You can see more examples [here](https://matterport.com/gallery/).
你可以在[here]看到更多的例子。
# Getting Started开始
* [demo.ipynb](samples/demo.ipynb)
Is the easiest way to start. It shows an example of using a model pre-trained on MS COCO to segment objects in your own images.它展示了一个使用MS COCO预先训练的模型在您自己的图像中分割对象的示例。
It includes code to run object detection and instance segmentation on arbitrary images.
它包括在任意图像上运行对象检测和实例分割的代码。
* [train_shapes.ipynb](samples/shapes/train_shapes.ipynb) shows how to train Mask R-CNN on your own dataset. This notebook introduces a toy dataset (Shapes) to demonstrate training on a new dataset.显示如何在自己的数据集上训练掩码R-CNN。这本笔记本介绍了一个玩具数据集(形状)来演示在一个新的数据集上的训练。
* ([model.py](mrcnn/model.py), [utils.py](mrcnn/utils.py), [config.py](mrcnn/config.py))
These files contain the main Mask RCNN implementation. 这些文件包含主要的掩码RCNN实现。
* [inspect_data.ipynb](samples/coco/inspect_data.ipynb).
This notebook visualizes the different pre-processing steps to prepare the training data.
这个笔记本显示了不同的预处理步骤准备培训数据。
* [inspect_model.ipynb](samples/coco/inspect_model.ipynb)
This notebook goes in depth into the steps performed to detect and segment objects. It provides visualizations of every step of the pipeline.
这本笔记本深入研究了检测和分割对象所执行的步骤。它提供了管道的每个步骤的可视化。
* [inspect_weights.ipynb](samples/coco/inspect_weights.ipynb)
This notebooks inspects the weights of a trained model and looks for anomalies and odd patterns.
这个笔记本检查一个训练过的模型的权重,并寻找异常和奇怪的模式。
# Step by Step Detection 逐步检测
To help with debugging and understanding the model, there are 3 notebooks
为了帮助调试和理解模型,有3本笔记本
([inspect_data.ipynb](samples/coco/inspect_data.ipynb),
[inspect_model.ipynb](samples/coco/inspect_model.ipynb),
[inspect_weights.ipynb](samples/coco/inspect_weights.ipynb))
that provide a lot of visualizations and allow running the model step by step to inspect the output at each point. Here are a few examples:
提供了大量可视化,并允许逐步运行模型来检查每个点的输出。以下是一些例子。
## 1. Anchor sorting and filtering 锚点排序和过滤
Visualizes every step of the first stage Region Proposal Network and displays positive and negative anchors along with anchor box refinement.
可视化第一阶段区域提议网络的每一步,并显示正锚和负锚以及锚框细化。

## 2. Bounding Box Refinement 边界框细化
This is an example of final detection boxes (dotted lines) and the refinement applied to them (solid lines) in the second stage.
这是一个最终检测框(虚线)的示例,以及在第二阶段应用于它们的细化(实线)。

## 3. Mask Generation 面具一代
Examples of generated masks. These then get scaled and placed on the image in the right location.
生成的掩码示例。然后将它们按比例放置在图像的正确位置。

## 4.Layer activations 层激活
Often it's useful to inspect the activations at different layers to look for signs of trouble (all zeros or random noise). 通常,检查不同层的激活来寻找故障的迹象(全零或随机噪声)是有用的。

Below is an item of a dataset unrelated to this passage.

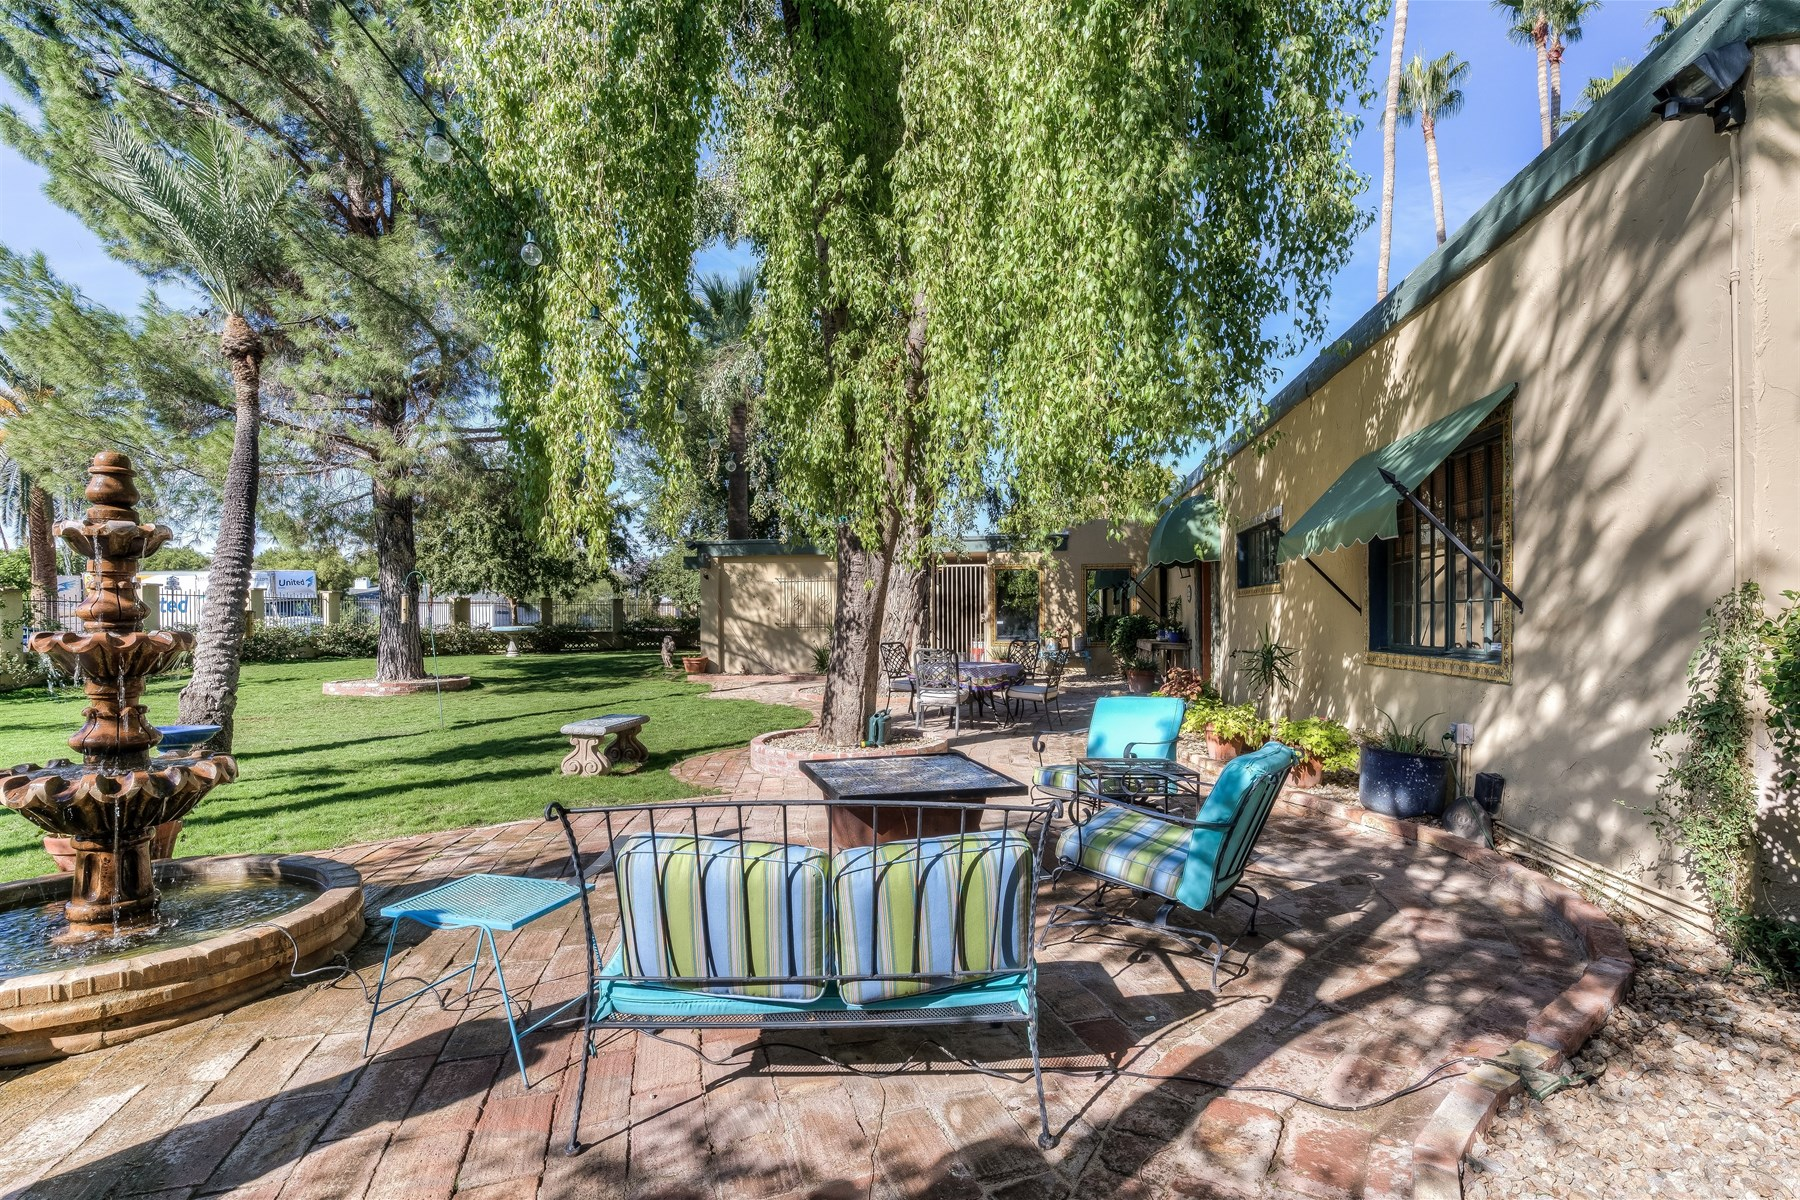 Maison unifamiliale pour l Vente à Robert Evans Adobe Estate 5309 N 34th St Phoenix, Arizona 85018 États-Unis

## 5. Weight Histograms 权重直方图
Another useful debugging tool is to inspect the weight histograms. These are included in the inspect_weights.ipynb notebook.
另一个有用的调试工具是检查权重直方图。这些都包含在inspect_weights.ipynb笔记本。

## 6. Logging to TensorBoard 日志记录TensorBoard
TensorBoard is another great debugging and visualization tool. The model is configured to log losses and save weights at the end of every epoch.
TensorBoard是另一个很棒的调试和可视化工具。该模型被配置为在每个历结束时记录损失并保存权重。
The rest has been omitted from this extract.